Retail businesses are feeling the greatest pain, with distress reaching the highest level since the global financial crisis on a rolling basis as economic uncertainty and shaky consumer confidence squeeze profits, liquidity, investment and valuations. Renewed pressure from rising energy and transport costs are placing further strain on margins, Weil says.

The industrial sector is also seeing distress levels edge up, though the index remains lower than a year ago. The resurgence in distress is being caused by weak investment conditions and subdued demand, compounded by the war in Iran, which has disrupted supply chains, Weil says.

Meanwhile, the travel, leisure and hospitality sector recorded one of the largest increases in distress in the second quarter, fuelled by higher wage and energy costs, lower consumer spending and exposure to geopolitics.

Germany continues to be the most distressed market in Weil’s index, though, like the industrials sector, levels are lower than a year ago. Weil says Germany’s dependence on manufacturing, exports and energy-intensive industries makes businesses in the country particularly vulnerable to energy shocks and weaker demand. In 2025, German corporate insolvencies hit their highest level since 2014, and Weil says they could rise further this year.

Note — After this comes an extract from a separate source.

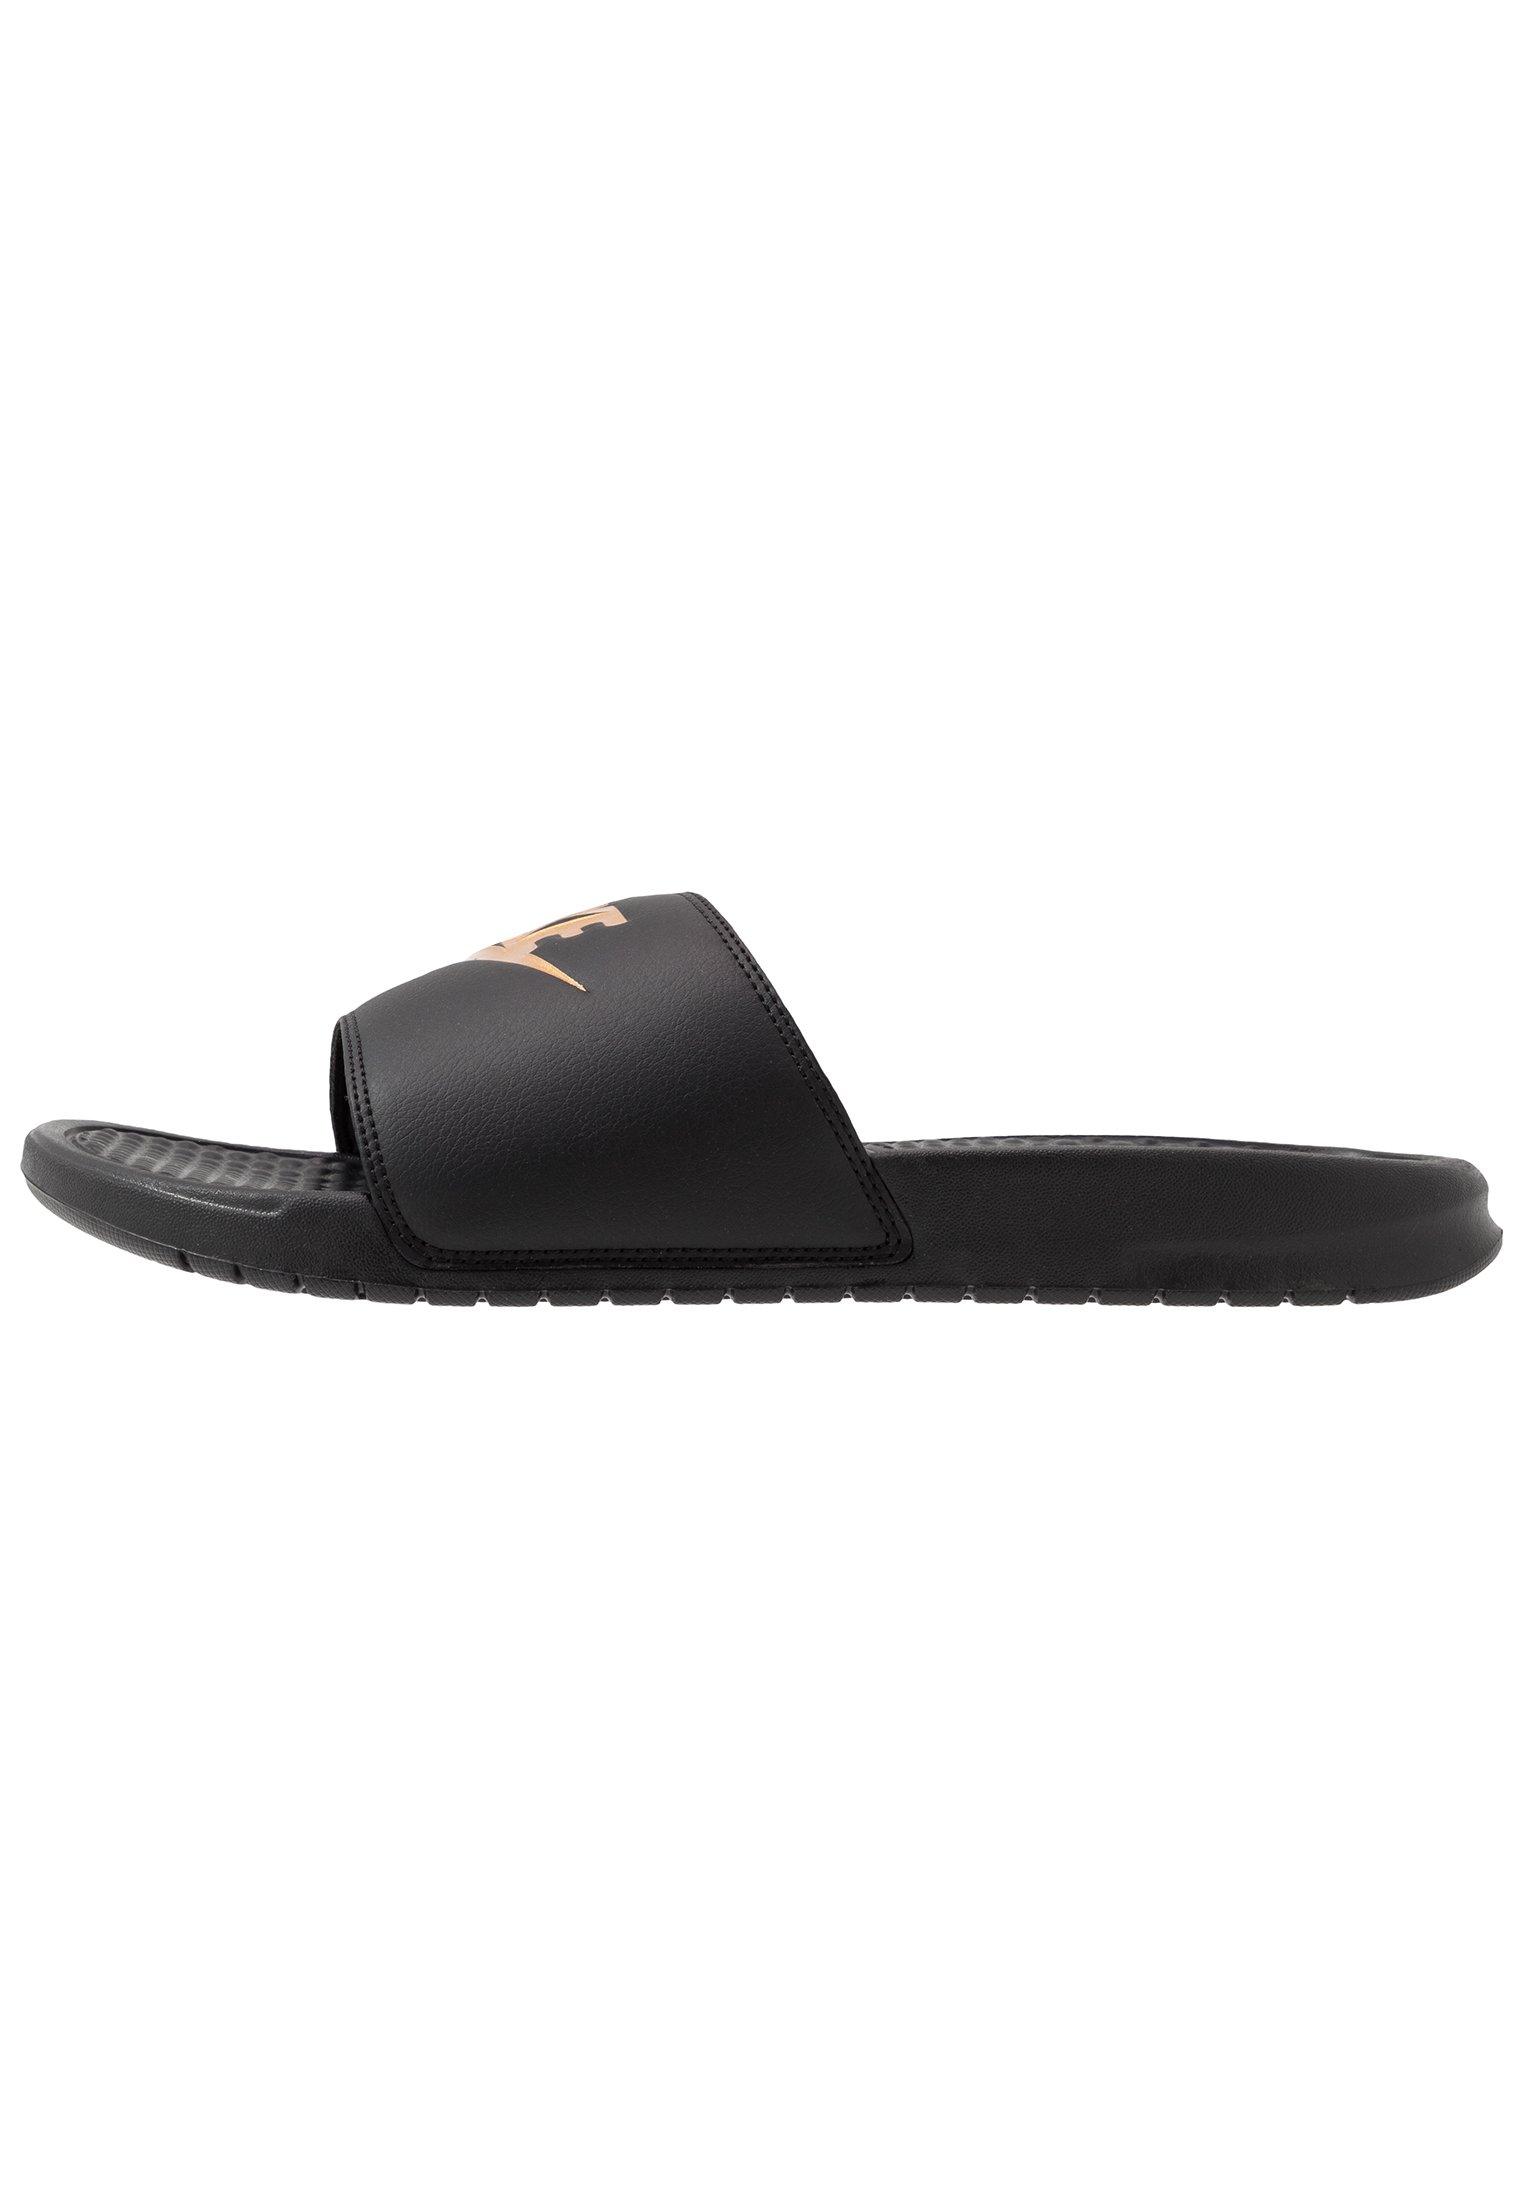 chaussures de plage nike homme

The UK was the third-most distressed country in Weil’s index after France. Weil says pressure is concentrated in investment, liquidity and profitability, with rising costs weighing on business confidence. The IMF reduced the UK’s growth forecast to 0.8% this year from a previous estimate of 1.3% – the largest growth downgrade among markets covered by Weil, the firm said.

Andrew Wilkinson, a partner and head of Weil’s London restructuring practice, said: “European businesses entered 2026 expecting operating conditions to improve gradually. Instead, the outlook has become more uncertain. Distress is now rising across every market we track, profitability has emerged as the biggest source of pressure and the prospect of lower interest rates looks less certain than it did at the start of the year.”

The Weil European Distress Index is based on data from more than 3,750 listed European companies and a range of financial market indicators.